Gauss discusses the rich experiences for the students in self-regulated but extremely complex extracurricular activities like the Press Club, the Nassau Lit, and the Princetonian; the great time-honored traditions of Whig and Clio (with a specific citation of the great Norman Thomas 1905); the virtues of Triangle, which he historically terms “Saturnalia”; and the creation and flourishing of Theatre Intime. He is actually admiring of the athletic sphere as it had developed at Princeton because it tried to involve everyone; because it had tried, in conjunction with Harvard and Yale in 1923, to bring fairness to athletic eligibility through its Presidents’ Agreement; and because it produced such outstanding individuals as Bill Roper 1902 and Hobey Baker 1914 to act as potential models for the greater college athletic world.
And crucially, he discusses how the residential nature of the campus, so strongly advocated by Wilson and his successors (on the English model rather than the German, as he notes post-WWII) combined with the closeness of class and faculty, created a true community, one with its own mores and standards, in which all those involved felt they had a legitimate stake. This was 20 years before the creation of the CPUC, and before young alumni were elected to the trustee board upon graduation.

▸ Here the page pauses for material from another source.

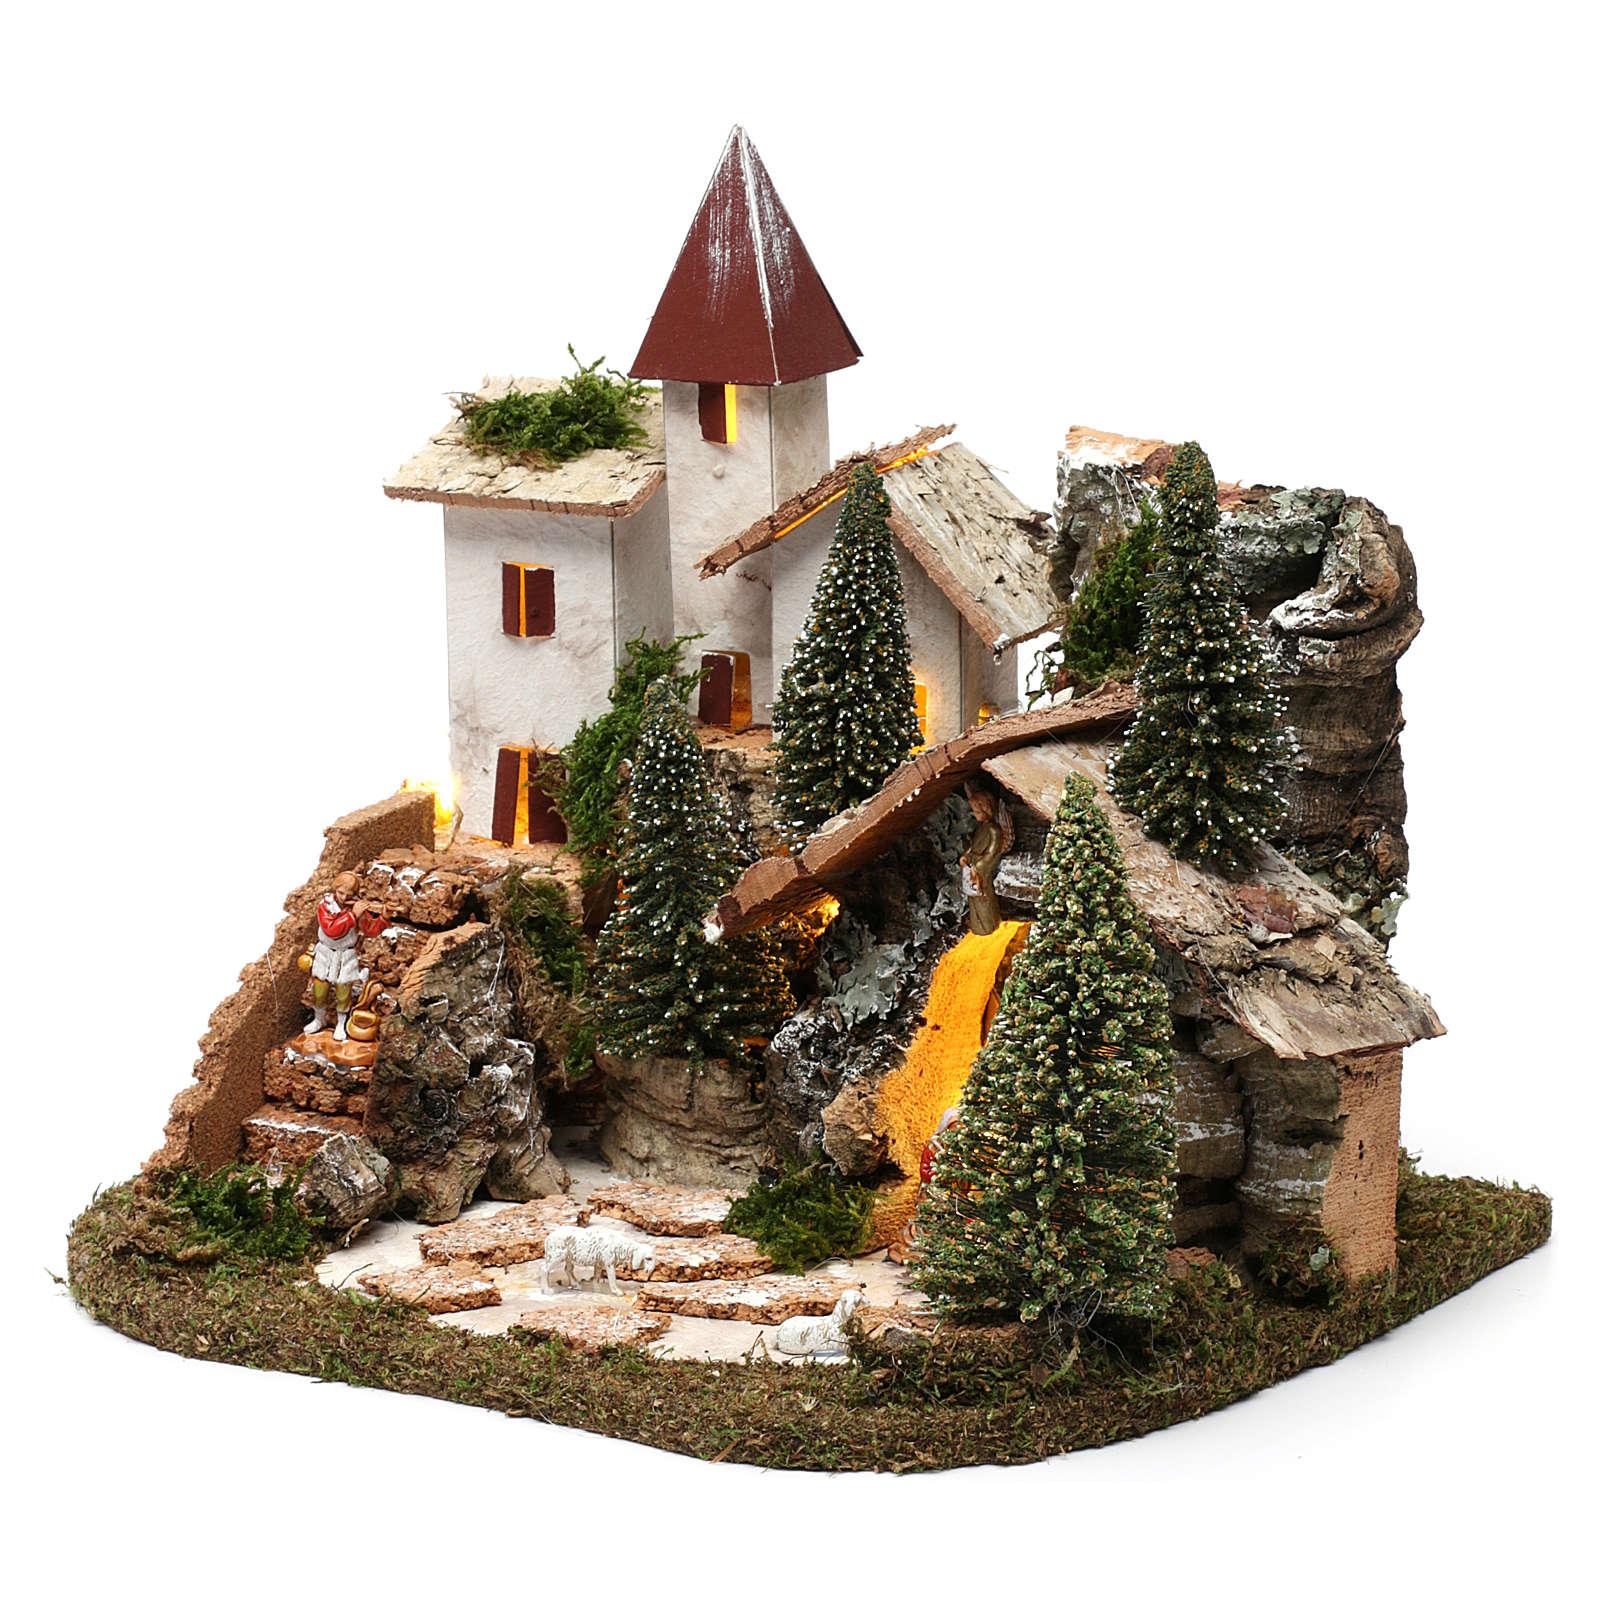 Village nordique pour crèche 19x25,5x19,5 cm 4

Gauss concludes with Commencement and Reunions (sort of like shooting fish in a barrel, to be honest) as an “affirmation of this continuing community of interest,” not only for the alumni but the faculty as well, in what Andrew Fleming West 1874, in a less bombastic moment, described as “that household of living, that household of learning, which is Princeton.”
There’s one more gift of prescience from Christian Gauss; whether it is greater or less than his vision of Princeton as a vibrant, lifetime community is for you to judge. He notes that this other-oriented environment is a perfect incubator for a service imperative. And in light of two horrific World Wars, that its aspiration should be extended to read: “Princeton in the nation’s service for the welfare of mankind.” It only took us 70 years to catch up to him.
A locomotive in absentia for the great Dean Gauss. God bless us, every one.